MicroRNA hsa-let-7a facilitates staphylococcal small colony variants survival in the THP-1 macrophages by reshaping inflammatory responses

Recent studies have provided emerging evidence of the critical involvement of microRNAs in host immune defence against bacterial infection and that likewise the expression of the miRNAs is profoundly impacted by a variety of pathogens to subvert the immune response. Here, we report the role of hsa-let-7a miRNA in response to Staphylococcus epidermidis Small Colony Variants infection. We also assessed whether the expression levels of inflammatory cytokines associated with the hsa-let-7a are manipulated by the pathogen and the effect of the IFN-γ priming on the expression of hsa-let-7a and the fate of SCVs/WTs in infected macrophages. A striking observation was the downregulation of the let-7a miRNA upon challenge of the THP-1 activated cells with the SCV isolates while no significant changes in expression were noticed after the infection of macrophages with their WT counterparts. Staphylococcus epidermidis WT and SCV strains were found to invade and survive in macrophages.
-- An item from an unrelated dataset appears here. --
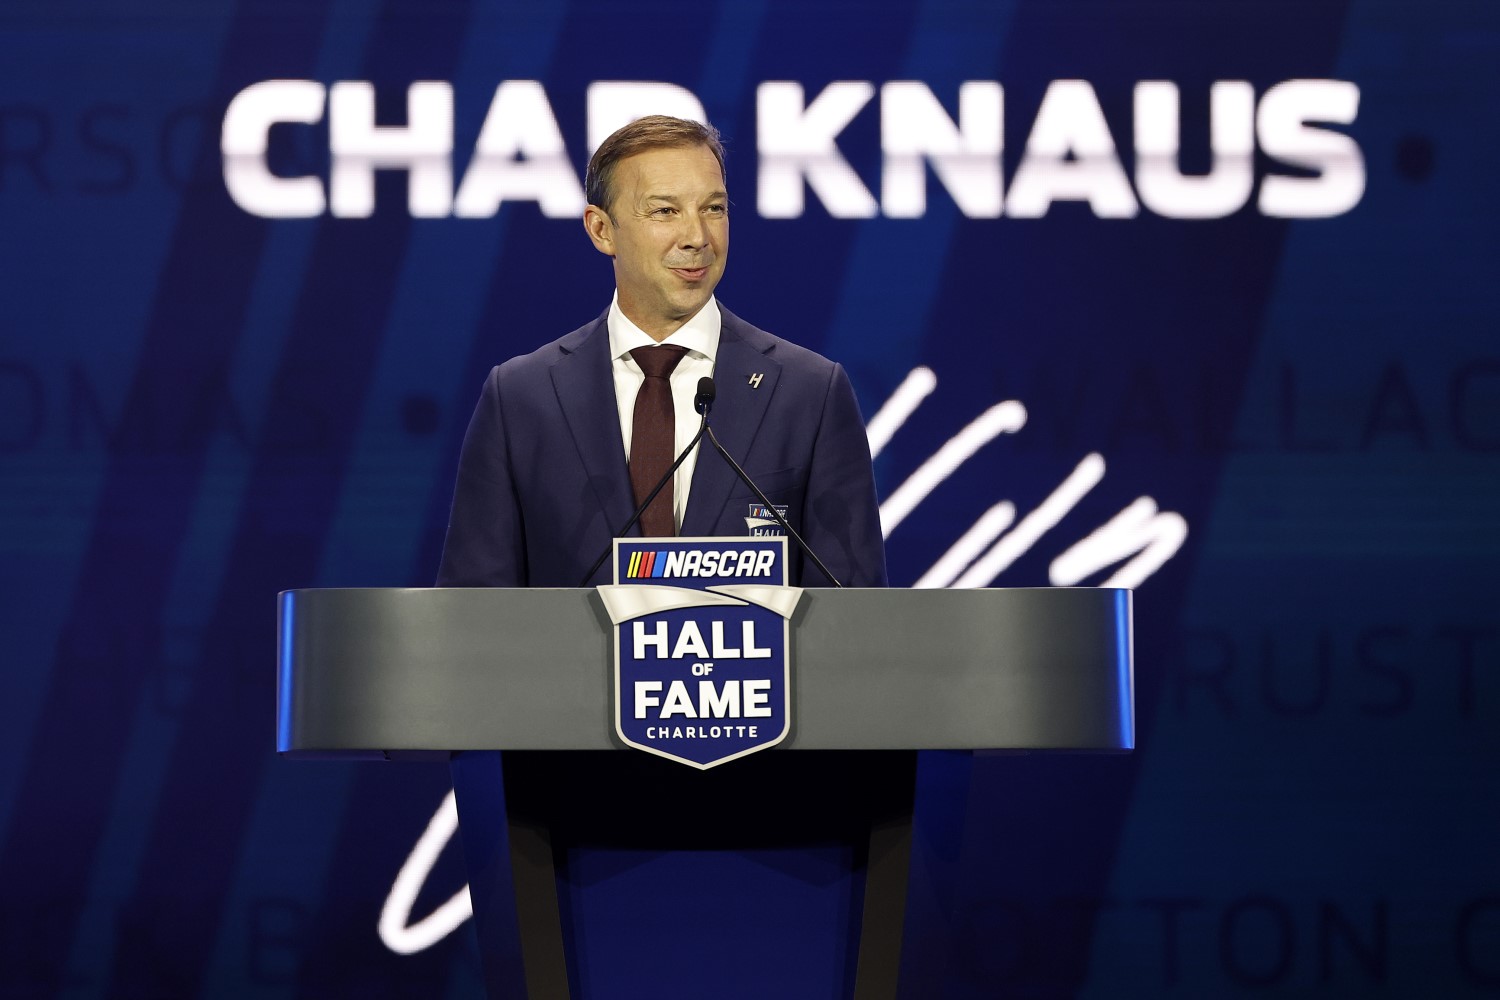 NASCAR Hall of Fame inductee Chad Knaus speaks during the 2024 NASCAR Hall of Fame Induction Ceremony at Charlotte Convention Center on January 19, 2024 in Charlotte, North Carolina. (Photo by Chris Graythen/Getty Images)

A significant reduction in bacterial load for both phenotypes was observed in macrophages treated with let-7a mimic compared to untreated ones. Survival of WTs was augmented in cells treated with the inhibitor in 4 out of 5 strains as compared to the number of bacteria recovered from non-transfected cells. At the same time, let-7a inhibitor did not influence on the survival of SCVs in macrophages as their number was comparable to number recovered from non-transfected cells. When the ratio of both let-7a cytokine targets was compared, anti-inflammatory IL-10 cytokine was induced by SCVs predominantly, while the macrophage challenge with WTs was characterized by the inflammatory cytokine profile with high IL-6 and low IL-10 production. Moreover, the balance between pro-inflammatory and anti-inflammatory cytokines has been expectedly retrieved when macrophages were transfected with let-7a mimic before infection with WT or SCV strains. The results also show that IFN-γ likely regulates the macrophage environment contributing to the inflammatory response and elimination of bacteria from intracellular milieu by augmenting the synthesis of pro-inflammatory cytokines and supressing the anti-inflammatory IL-10. Our work has shown that SCVs have the potential to regulate the let-7a miRNA to balance the pro-inflammatory IL-6 with anti-inflammatory IL-10 and this mechanism is one of the ways in a complex regulatory network adopted by SCVs to promote their survival.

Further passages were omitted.